Utilizing pulse radiolysis coupled with time-resolved spectroscopy for AuNPs suspensions studies requires the correct reference, where pure water may not be a suitable one. The time evolution of radical species in AuNPs suspensions can be affected by the presence of nanoparticle stabilizers. Thus, a more relevant reference is a supernatant obtained by centrifugation of AuNPs suspension, eliminating gold nanoparticles to a large degree but leaving other chemical substances. We controlled by absorption measurement that at least 99% of AuNPs were removed from the supernatant solution (Figure S1). Although for picosecond and nanosecond timescales, where bimolecular reactions are not significant, pure water could be appropriate as a reference. Our experimental setup allows easily for the determination of optical density within 1 mO.D. accuracy for a nanosecond and shorter timescales, and 5 mO.D. for a microsecond one.
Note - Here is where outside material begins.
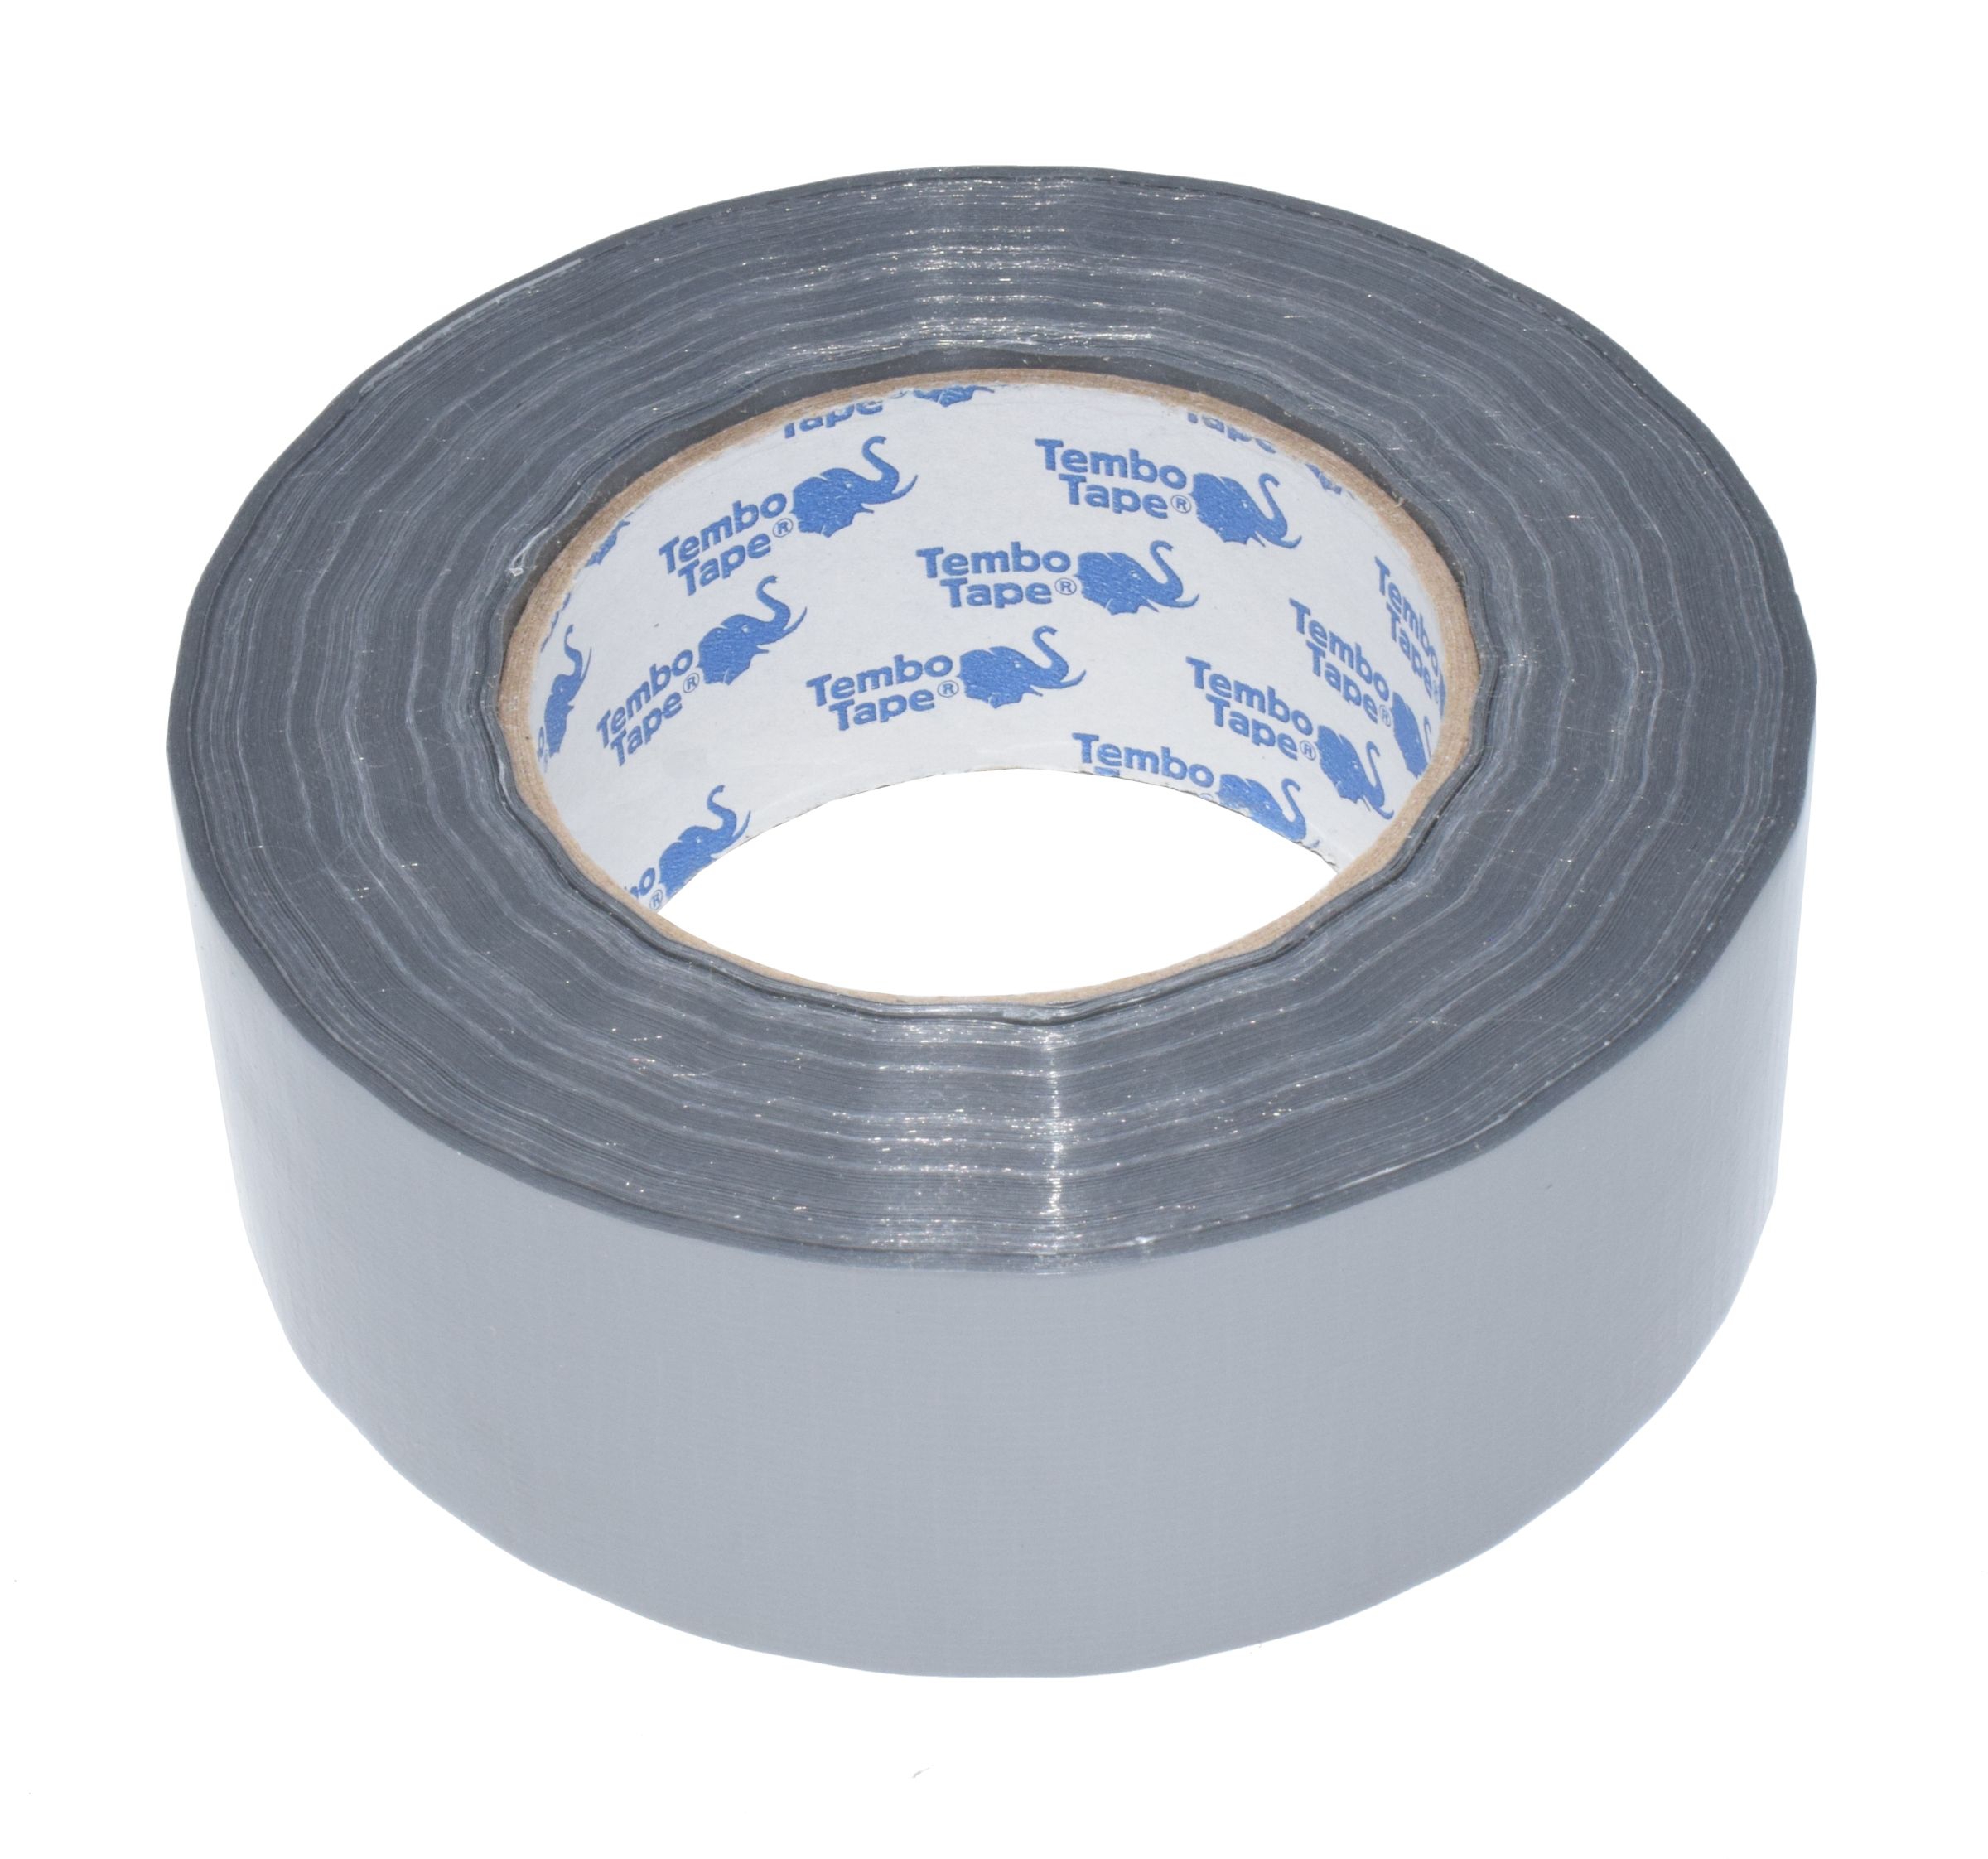 Tembo Tape® Duct Tape silver

Thus, the hydrated electron concentration could be determined with an accuracy of 50 nM and 250 nM, respectively.

2.2. Gold Nanoparticles Synthesis

Gold nanoparticles were prepared by two widely known methods: reduction by sodium borohydride [19] and sodium citrate (Turkevich method) [20]. The final gold concentration was 3 mM (atomic concentration) or 600 µg/mL in both cases. Reduction by sodium borohydride included the following steps: 3 mL of 100 mM solution of K[AuCl4] was mixed with 87.7 mL of deionized water and 9.3 mL of 100 mM solution of NaBH4 was added to the solution under stirring by magnet stir bar with high speed. After the reduction of gold ions, the solution changed color from yellow to dark red. After the borohydride was added, stirring was continued for 5 min. For the Turkevich method, 3 mL of 100 mM solution of K[AuCl4] was mixed with 82.5 mL of deionized water. The solution was heated up to 100 °C, then 4.5 mL of 100 mM of sodium citrate was added to the solution under stirring by magnet stir bar with high speed. When the solution has turned red, heating was stopped. The solution was cooled down under stirring. The full reduction of gold ions was verified by the total disappearance of the absorption at 220 nm. All chemicals were purchased from Sigma-Aldrich (St. Quentin Fallavier, France).
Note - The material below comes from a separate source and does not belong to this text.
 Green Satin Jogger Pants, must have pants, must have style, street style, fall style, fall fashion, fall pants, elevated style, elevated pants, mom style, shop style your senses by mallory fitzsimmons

The solution of AuNPs prepared by borohydride reduction method had pH 8. The solution of AuNPs prepared by citrate reduction method had pH 4, which was adjusted by NaOH to 5.4. The UV–vis absorption spectra of AuNPs, their size distribution, zeta-potentials, and TEM image are presented in the Supporting Information (SI).

3. Results and Discussion

In the present work, two types of AuNPs were used prepared using borohydride and sodium citrate (Turkevich) as reduction agents. Both techniques allowed us to synthesis stable AuNPs with an atomic concentration of gold up to 3 mM (600 µg/mL) and with simplistic small molecule/ion stabilization. The size of particles synthesized by the borohydride reduction method was 20 nm (Figures S1A and S2, the absorption maximum was 520 nm and the zeta potential was −20 mV). Those particles prepared by the Turkevich method had a mean hydrodynamic diameter of 45 nm (Figure S1B, the absorption maximum was 533 nm and the zeta potential was −35 mV).
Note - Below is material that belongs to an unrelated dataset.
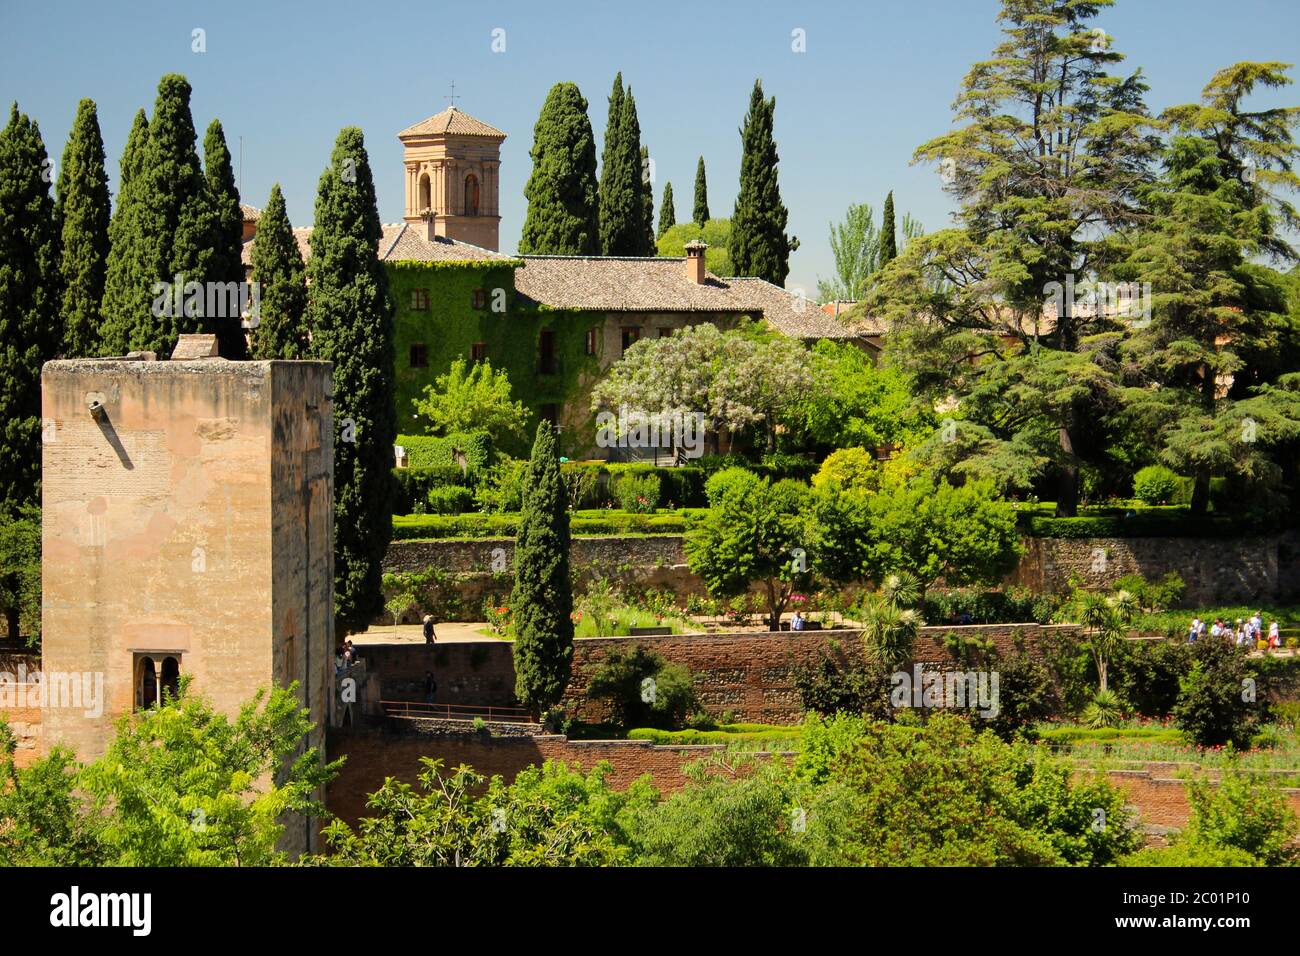 Inside Alhambra Palace in Spain Stock Photo by ©pocholocalapre@yahoo.com  104192066

The radiolysis of water after energy deposition could undergo two pathways (Scheme 1). The main path was ionization, and the minor one was a dissociation of an excited water molecule. After ionization, the survived water-cation radical loses a proton, leaving behind OH radical [21]. A secondary electron thermalizes within a few femtoseconds, followed by its solvation within 1 ps. Dissociation of the excited water molecule leads to the formation of the H atom and OH radical. The formed species inside ionization spurs react with each other and solutes present in the solution. Besides, one must always remember that spurs tend to increase in volume due to radicals’ diffusion, which decreases the possibility of such reactions.
Direct detection is possible for the hydrated electron, which has a high molar absorption coefficient [23]. We found no difference in hydrated electrons production through picosecond pulse radiolysis in water and the solution of AuNPs (with the highest possible concentration for the measurements, 3 mM) on a time scale of a few tens of picoseconds, where radical–radical reactions did not occur (Figure 1 and Figures S5–S10). The hydrated electron concentration just after the 5 ps electron pulse correlates with 90% of OH radicals (ionization path, a yield of the hydrated electron at 10 ps was 0.44 μmol/J [24] and OH 0.52 μmol/J [21,24]).
One could claim that in the presence of AuNPs, the water dissociation channels could be altered due to the unique properties of interfacial water molecules, which could lead to higher OH and H production. This hypothesis came to be invalid because the decays of hydrated electrons on nanosecond and microsecond scales were not affected (Figure 2 and Figure 3 and Figures S5–S10). This observation indicates that the radical–radical reactions occurred in the radiation track in the same way as in the solution without AuNPs (Scheme 1).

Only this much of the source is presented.